Подобные исследования провела группа уч. Никлассона, выявив, что после прекращения четырехнедельного приема пантопразола, уже в первую неделю у 44% здоровых добровольцев началась диспепсия. Выраженность диспепсии коррелировала с первичной и стимулируемой едой секрецией гастрина (желудочный гормон) в конце приема пантопразола. Легкие и умеренные симптомы, приписываемые синдрому возврата гиперсекреции кислоты (ЭВГК) у здоровых добровольцев появлялись через 5-14 дней и длились в среднем 4-5 дней.

Считается, что возврат гиперсекреции является результатом ятрогенной гипохлоргидрии (недостаточность соляной кислоты), которая в механизме отрицательной обратной связи увеличивает секрецию гастрина G-клетками в желудке для противодействия повышению рН желудочного содержимого.

Клетки оболочки имеют рецепторы для гистамина и ацетилхолина, а рецептор для гастрина в основном расположен на энтерохромаффиноподобных (ECL) клетках, расположенных рядом с клетками оболочки. Производство гистамина зависит от массы клеток ECL, регулируемых гастрином. Гистамин стимулирует секрецию HCl путем активации гистаминовых рецепторов клеток желудка 2 типа.

Ингибиторы протонной помпы влияют на последнюю стадию HCl независимо от секреторных раздражителей, вызывая значительное и длительное (по сравнению с периодом полувыведения препарата) изменение рН желудочного сока. Гастрин стимулирует энтерохромаффиноподобные клетки и секрецию гистамина, что, однако, не увеличивает секрецию HCl, поскольку препарат блокирует протонные насосы. Однако стимуляция пролиферации клеток HCl после прекращения приема препарата длится дольше, чем эффект ИПП.

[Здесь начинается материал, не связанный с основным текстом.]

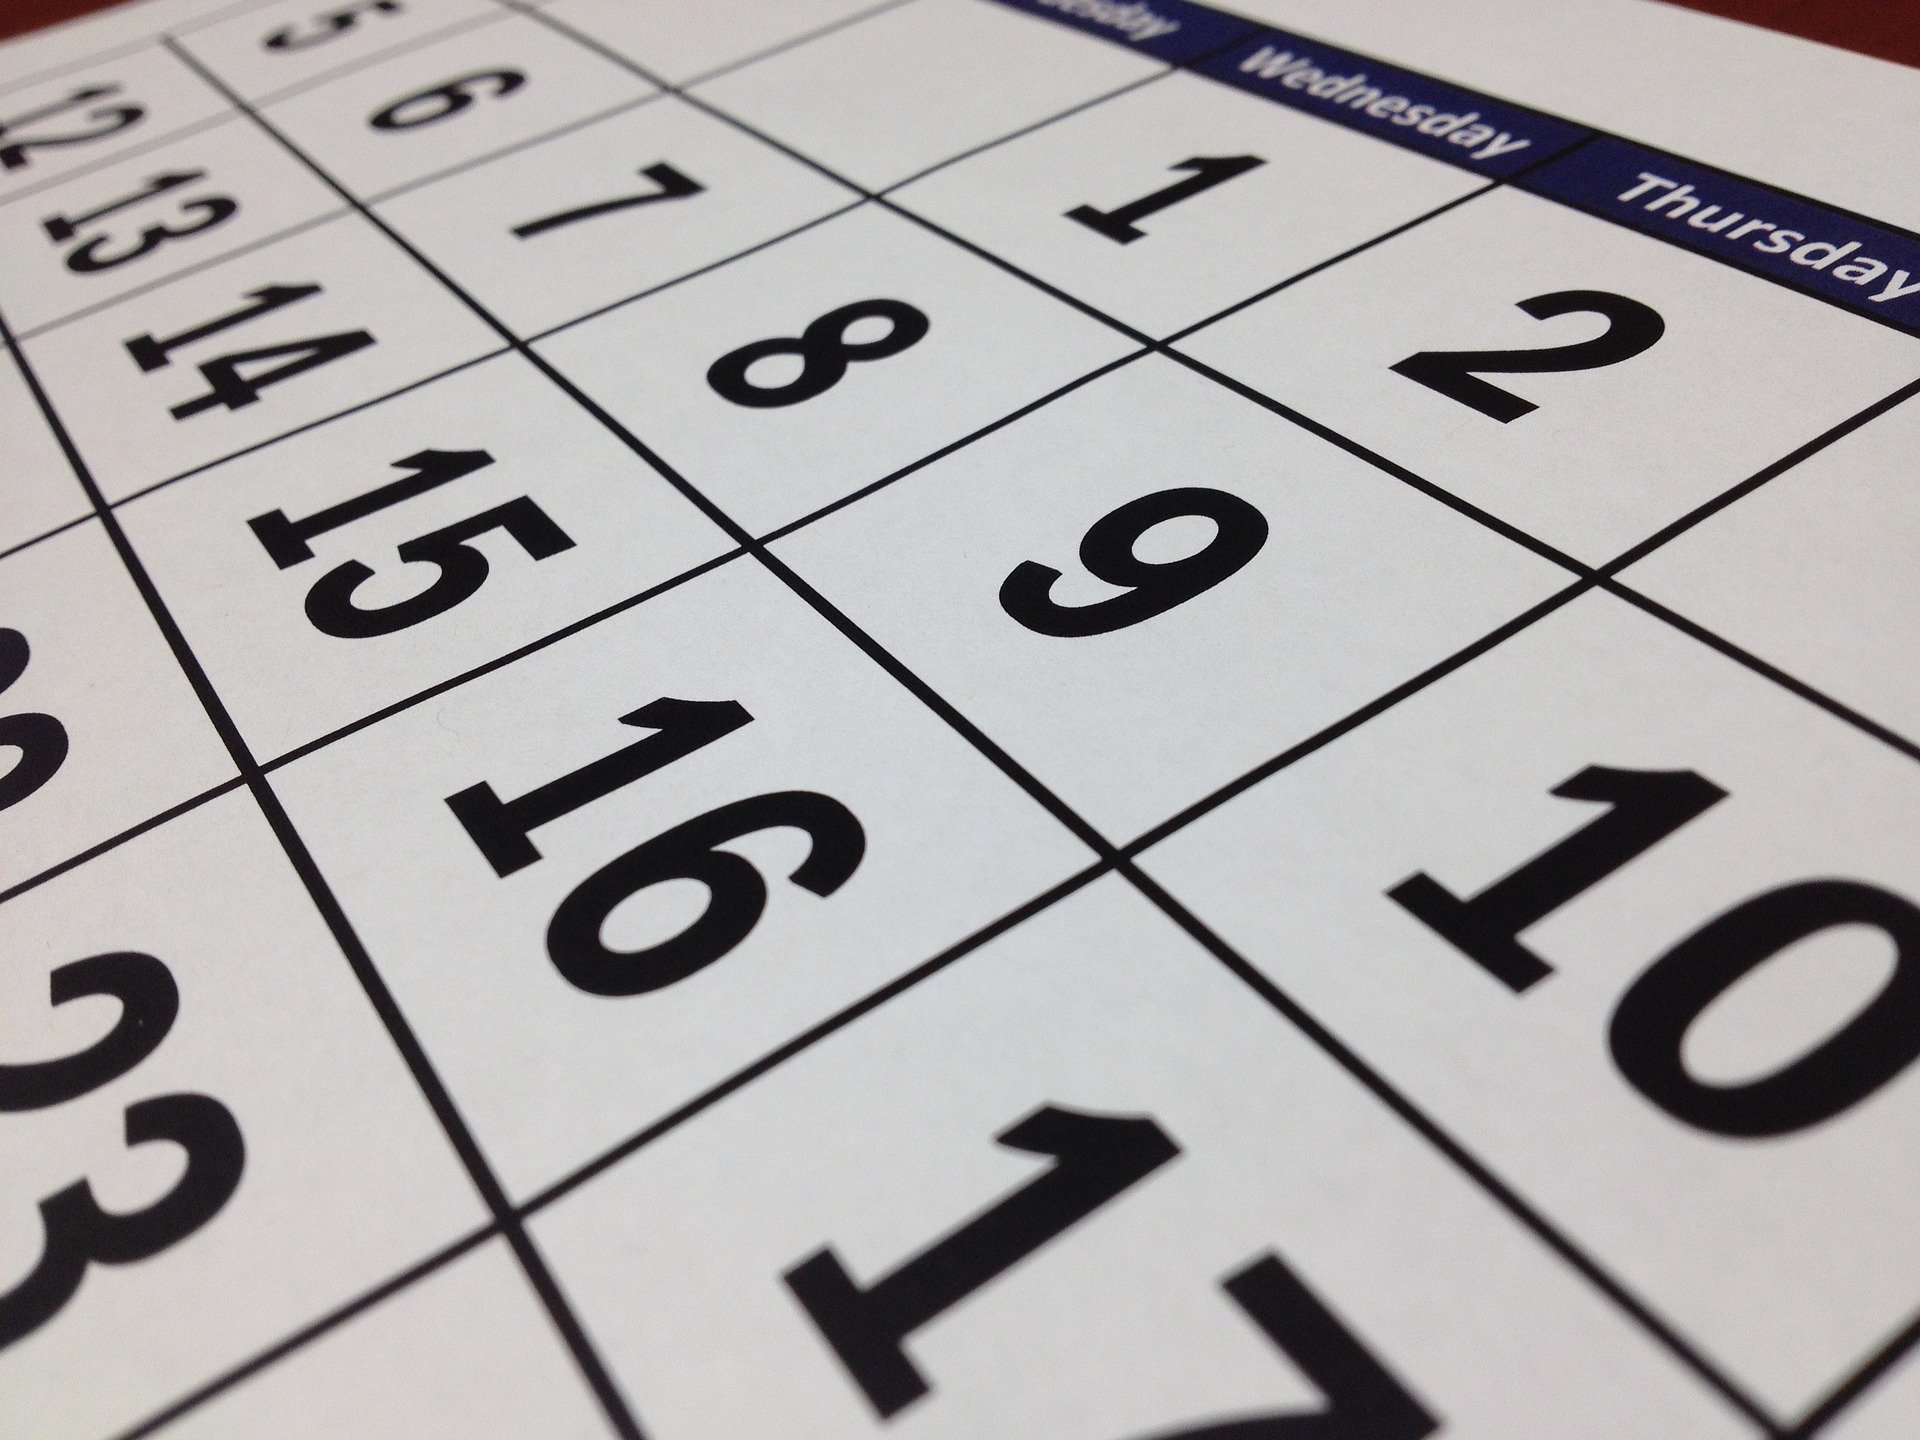 image of large calendar showing dates

В патогенезе важно увеличить как количество, так и активность ECL-клеток. Гастрин оказывает трофическое действие на клетки ECL и клетки оболочки, что способствует временному увеличению секреции HCl. У пациентов, принимающих омепразол в течение 90 дней, концентрация гистамина в слизистой оболочке желудка увеличивается и H2RAs действуют меньше.

При постоянном лечении ИПП уровень гастрина повышается в 1-3 раза, сопровождаясь гиперплазией клеток ECL. При длительном наблюдении у больных наблюдалось умеренное увеличение плотности клеток HCl в слизистой оболочке желудка в течение первых 3 лет приема ИПП. Уровни гастрина были выше до и после у больных, ранее принимавших ИПП, чем у здоровых, и выше у женщин, чем у мужчин.

Инфекция H. pylori может увеличить риск гиперплазии клеток ECL (интерлейкин 1 является мощным ингибитором секреции HCl).

После прекращения кратковременного приема ИПП концентрация гастрина возвращается к исходным значениям. В исследовании группы уч. Никлассона и др. нормализация уровня гастрина и гистамина произошла на 6-й неделе. Синдром гиперсекреции длился примерно 2-3 месяца после окончания лечения.

Более длительное лечение продлевает этот срок за счет увеличения массы клеток слизистой оболочки, как при гастриноме (опухоль, продуцирующая гастрин), уменьшая вероятность снижения дозы ИПП. Если ИПП использовались в течение 1-25 дней, то гиперсекреции не наблюдалось в отличие от терапии в течение 56-90 дней.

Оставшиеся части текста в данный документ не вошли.